Reproduce from the records below, with no pictures, exactly the lines between the one containing "Mohrrüben und anderes" and the one containing "XIUREN No. 687: Model", inclusive.

*** Opening of Records to use ***

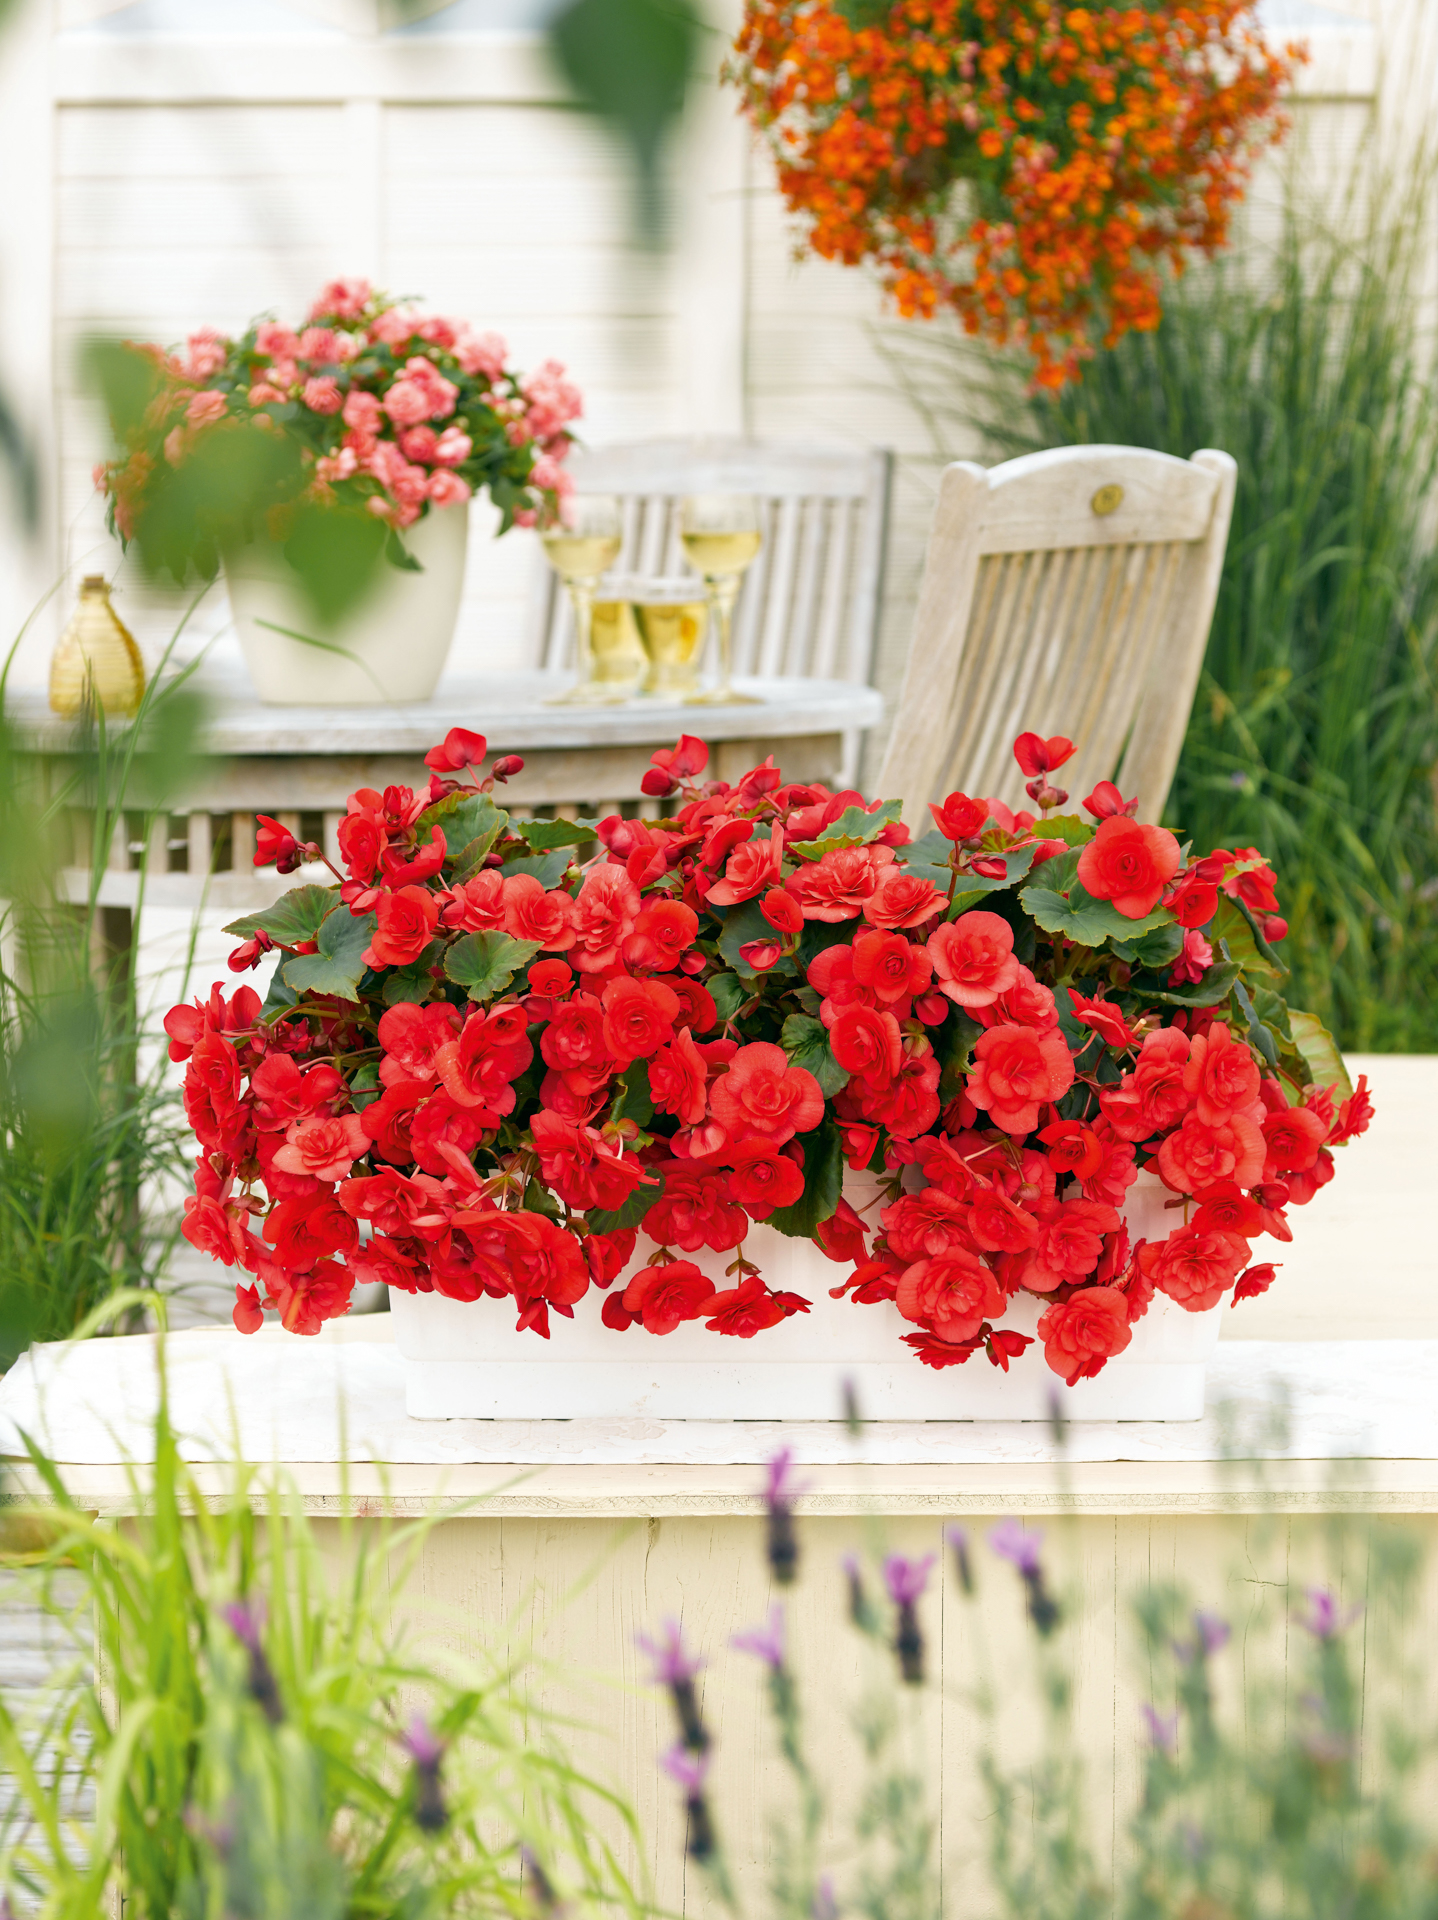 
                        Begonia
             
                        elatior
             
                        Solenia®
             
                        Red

*** Close of Records to use ***
*** Opening of Records to use ***

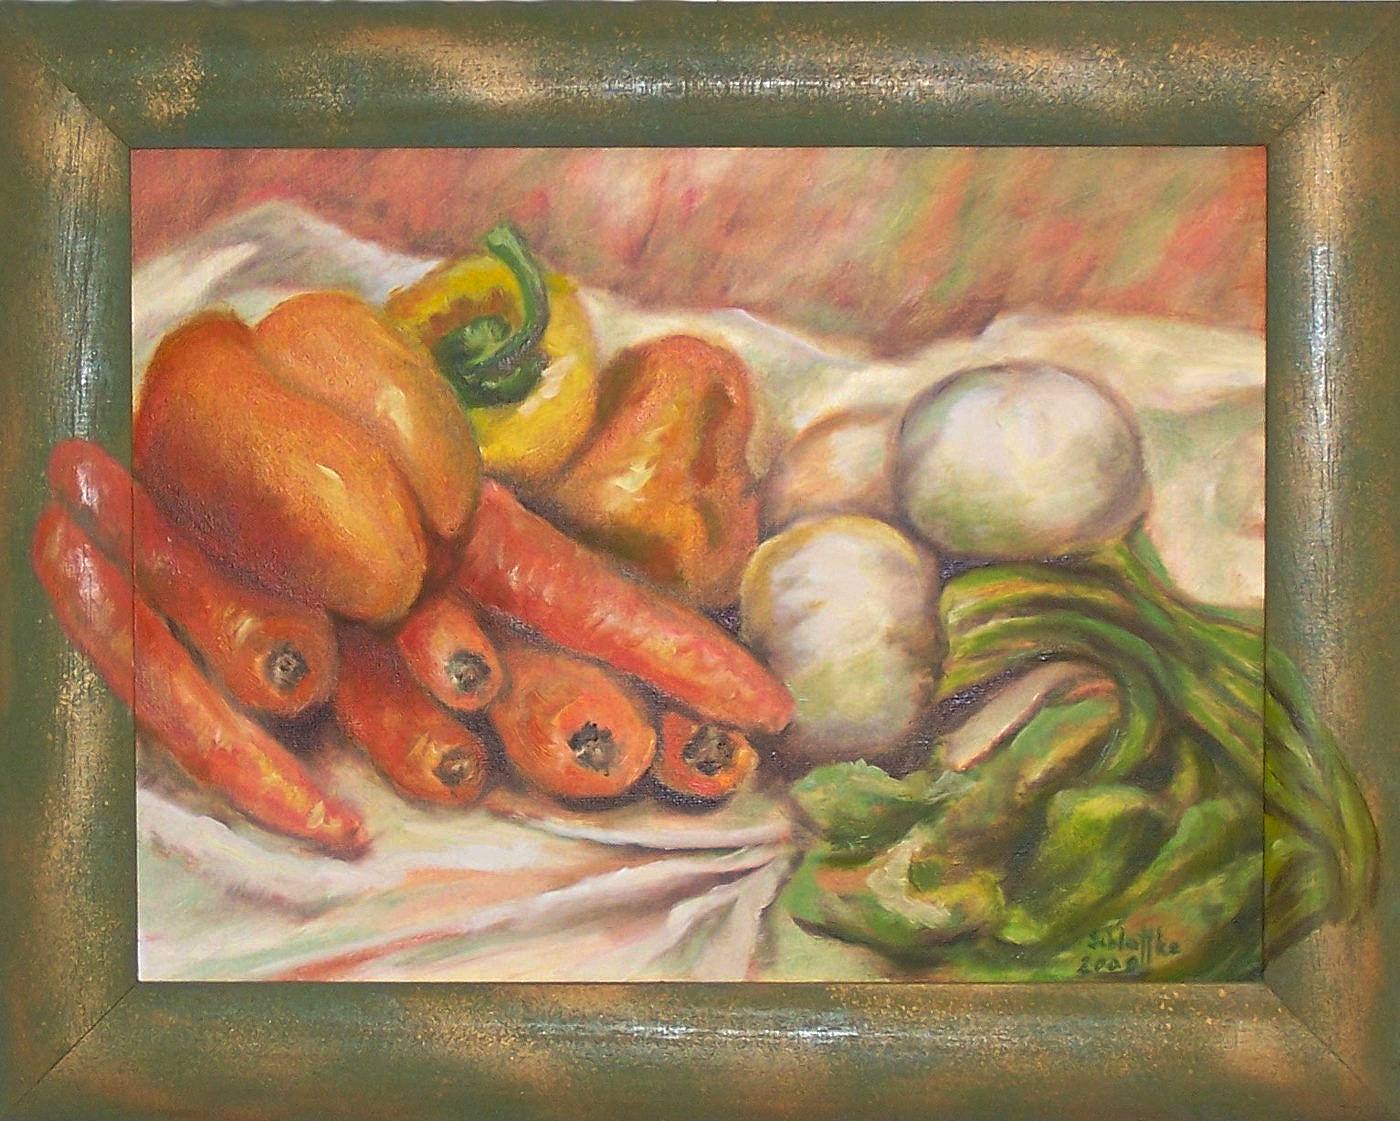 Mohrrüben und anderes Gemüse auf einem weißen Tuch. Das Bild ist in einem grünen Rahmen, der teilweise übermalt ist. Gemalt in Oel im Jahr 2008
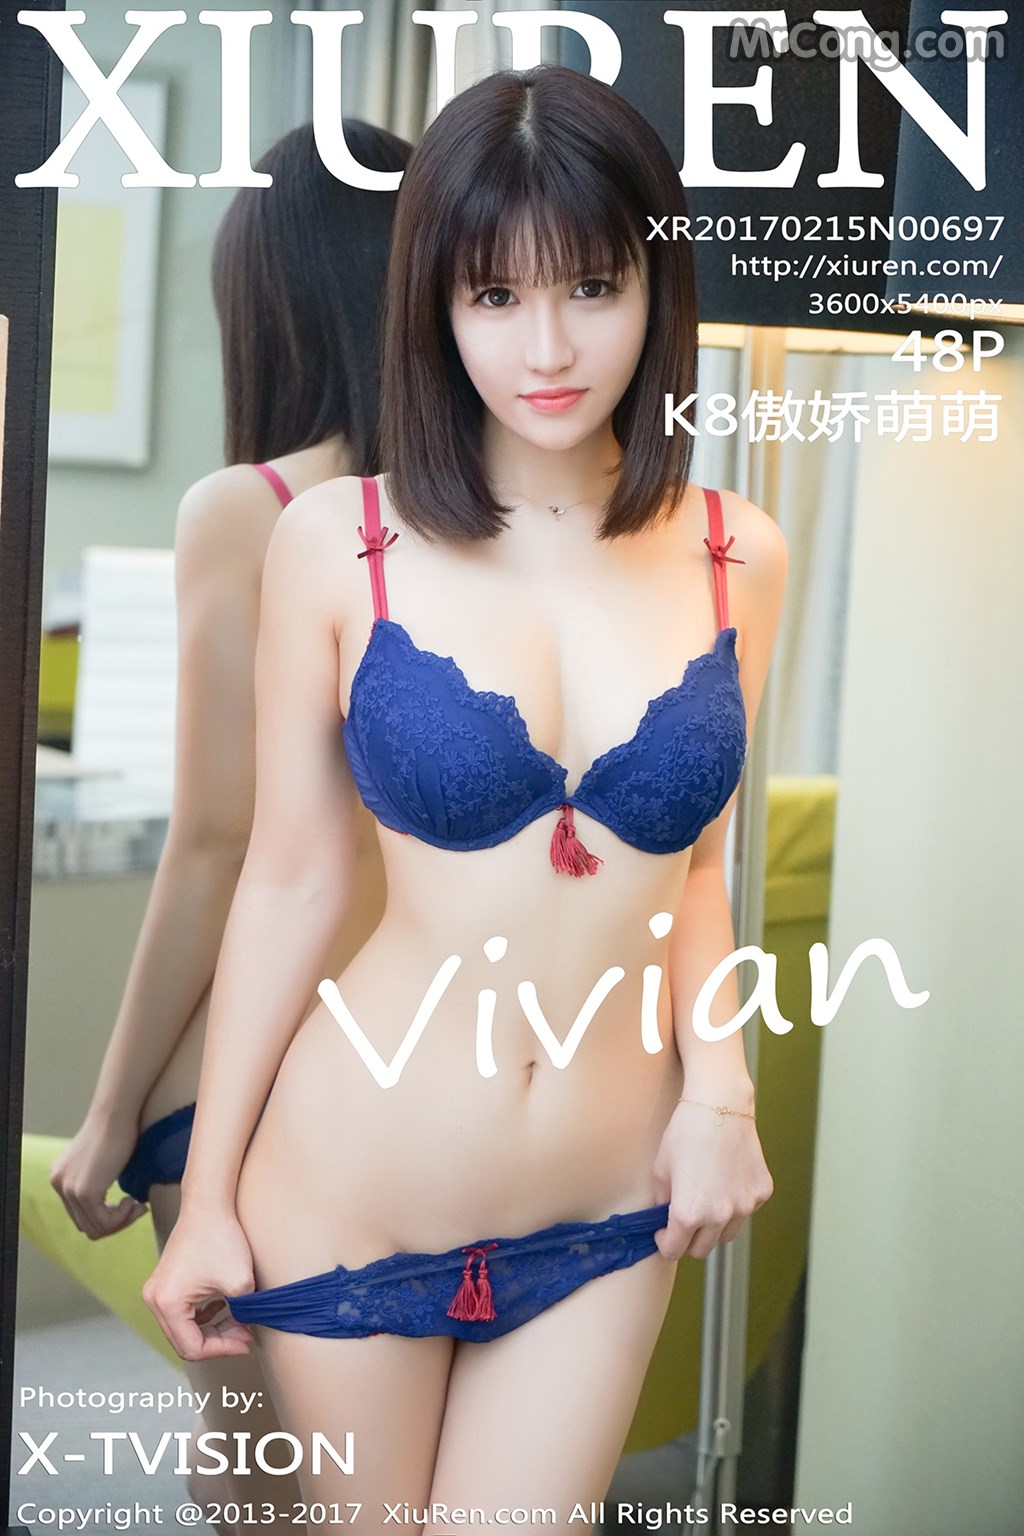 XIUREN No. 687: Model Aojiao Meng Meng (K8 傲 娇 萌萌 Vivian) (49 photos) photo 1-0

*** Close of Records to use ***

Answer box:
 Mohrrüben und anderes Gemüse auf einem weißen Tuch. Das Bild ist in einem grünen Rahmen, der teilweise übermalt ist. Gemalt in Oel im Jahr 2008
 XIUREN No. 687: Model Aojiao Meng Meng (K8 傲 娇 萌萌 Vivian) (49 photos) photo 1-0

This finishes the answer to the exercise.